The Poiesis blog had slowed down during the summer, mainly due to unfortunate injury to my right hand, which in turn first stalled and then slowed my typing and writing.  I will be gradually back to the intended pace. The “break”, however, revealed few observations:

(1) The volume of textual communication (emails, texts, notes) are written without much thought. Writing polite and laconic responses is hard!

(2) How AI on voice-activated typing is still behind the curve for voices with accents!  For short phone messages and texts, the voice app was fine.  For longer word documents, the voice-activated typing was awkward and slow, but doable. For typing technical documents (latex, programming codes), one might as well think of AI as being non-existent.

(3) How staggering is the differential in the abilities of our two hands: I learned that I am truly not ambidextrous.

The positive thing about the quietude due to the absence of writing is the increase in the volume of reading.

As I read through David McCullough’s excellent biography of President John Adams, I came across a story about Thomas Jefferson.

In 1782, a widower at the age of 39, and having already lost four of his children when they were young, Thomas Jefferson was bereft with grief, imposed himself into exile in Monticello seeking time and silence as medicine.  He was eventually convinced to become the Minister Plenipotentiary to France.

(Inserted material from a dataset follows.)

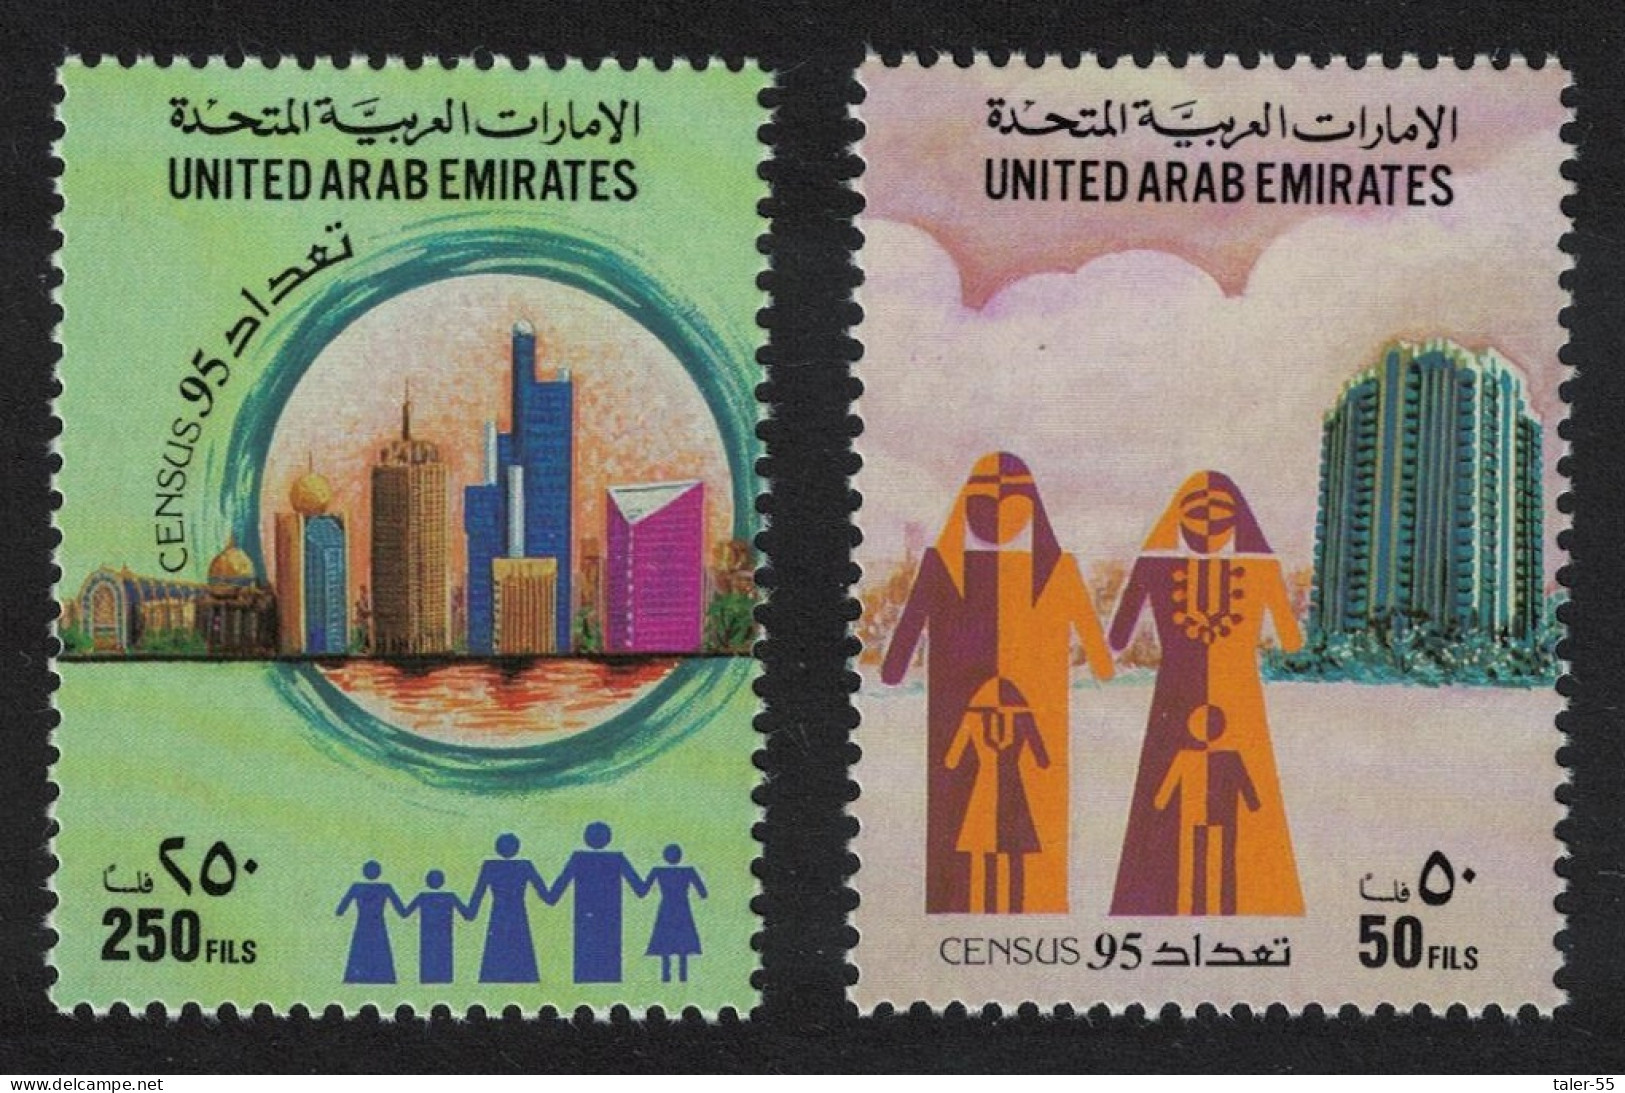 United Arab Emirates Population And Housing Census 2v 1995 MNH SG#496-497 - Ver. Arab. Emirate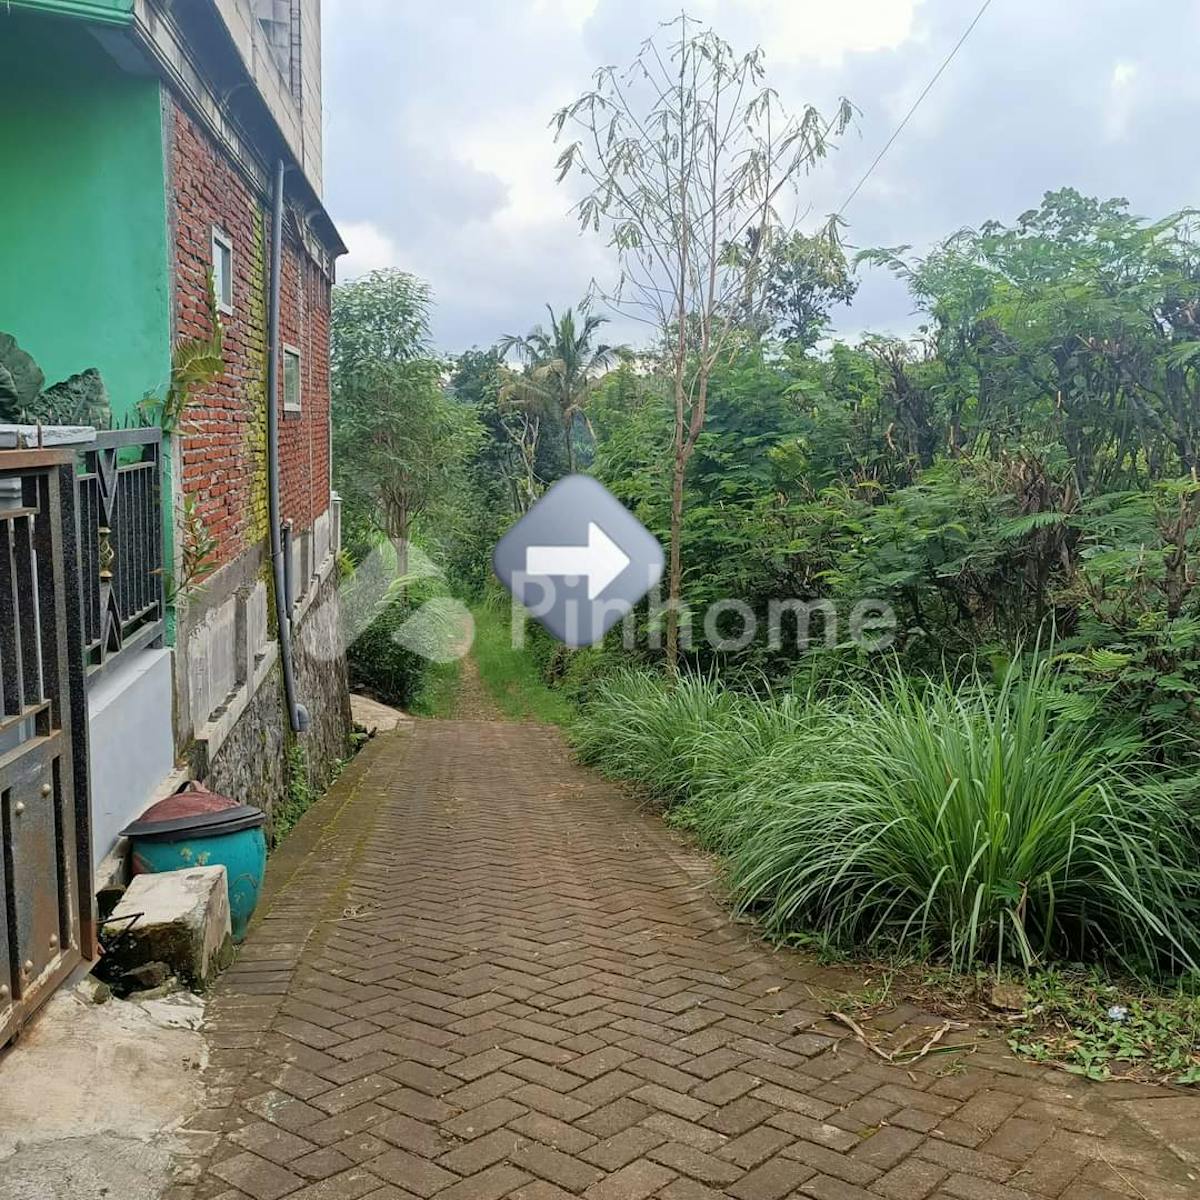 Dijual Tanah Komersial Lokasi Bagus di Jl. Locari, Precet, Sumbersekar, Kec. Dau, Kabupaten Malang, Jawa Timur 65151 - Gambar 3

In Paris, in 1786, Thomas Jefferson fell madly in love with Maria Cosway, a 27-year old married Englishwoman.  By all accounts,  they were constant social companions. Towards the end of Maria’s stay in Paris, Thomas Jefferson had an accident (the accounts on how the accident occurred differ significantly) and broke his right wrist.

Thomas Jefferson was right-handed.

After their last meeting, in love and agony, contemplating romance and temperance, Thomas Jefferson taught himself to write with his left hand and wrote the  “Head and Heart” letter entirely with his left hand.

It is an unusual love letter: Polemic and Poetic.  Constrained and carefree. Head and heart.

It doesn’t compare to the eloquence and intellect in the Declaration of Independence,  but the letter is possibly the best thing that Thomas Jefferson wrote with his left hand.